Feryat etmek deyiminin anlamı
* Yüksek sesle haykırmak.
* Büyük bir yokluk, zarar ve sıkıntı içinde bulunmak.
Örnek: Boş yere feryat edip, gece gece olay çıkarma.
Örnek 2: Gönül insanı olmak, ateş ocağa düşünce feryat etmek değildir. Başkalarının ocağına ateş düştüğünde, hatta daha düşmeden feryat edebilmektir.
Örnek 3: Deprem sonrası, devletimiz feryat edenlere yardıma koştu.
Örnek 4: Feryat eden çiftçilerimizin de sesine kulak verin.
Feryat ve figan göklere çıkmak deyiminin anlamı
Bağırıp çağırmak, bütün etrafı rahatsız edecek kadar çokça bağırıp çağırmak.
Örnek: Gece üst komşuda feryat ve figan göklere çıktı.
Feryat koparmak deyiminin anlamı
Yüksek sesle bağırmak, haykırmak.
Örnek: Kadın pencereden feryat koparıp, çocuğunu yemeğe çağırıyordu.
Ağza tat, boğaza feryat deyiminin anlamı
Karın doyurmaya yetmeyen, miktarı pek az olan yiyecek.
Örnek: Ağza tat, boğaza feryat bir yudum çikolatasını yedik çok şükür.
Örnek 2: Bir şeyler yedik; ama ağza tat, boğaza feryat.

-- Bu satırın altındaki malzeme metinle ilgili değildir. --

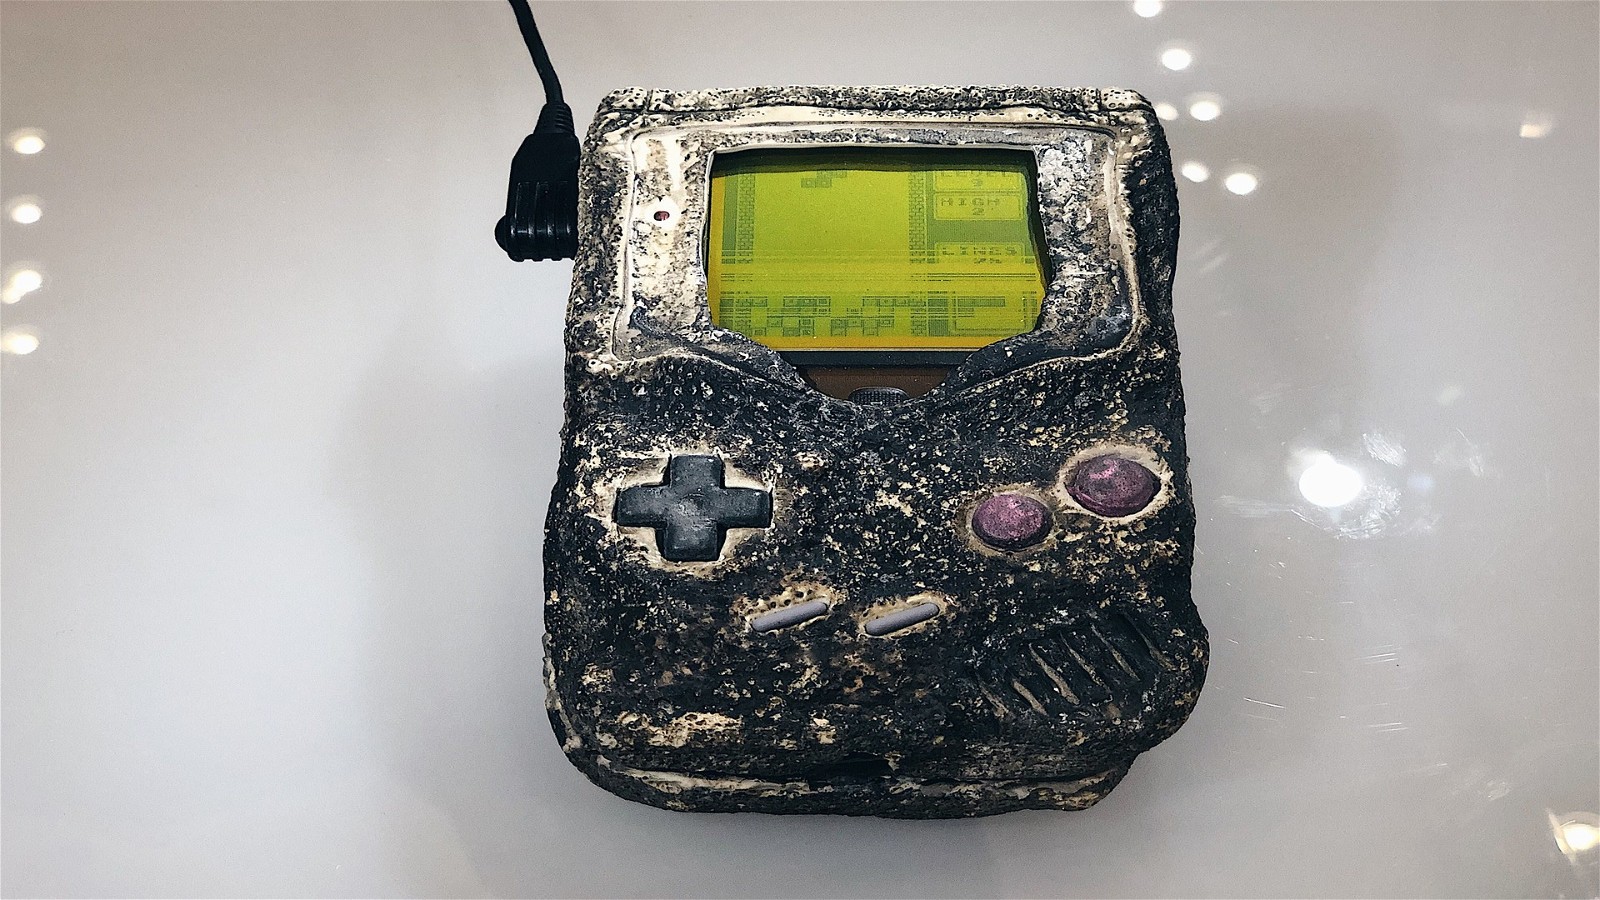 Game Boy That Survived the Gulf War

Örnek 3: Bedava olunca; ağza tat, boğaza feryat. Daha fazlasını parayla alacaksın.
Feryadı basmak deyiminin anlamı
Çığlık koparmak, yüksek sesle haykırmaya başlamak.
Örnek: Olay sonrası hastane koridorları, feryadı basan insanlarla doluydu.
Örnek 2: Annesi sütü geciktirince, bebecik feryadı bastı.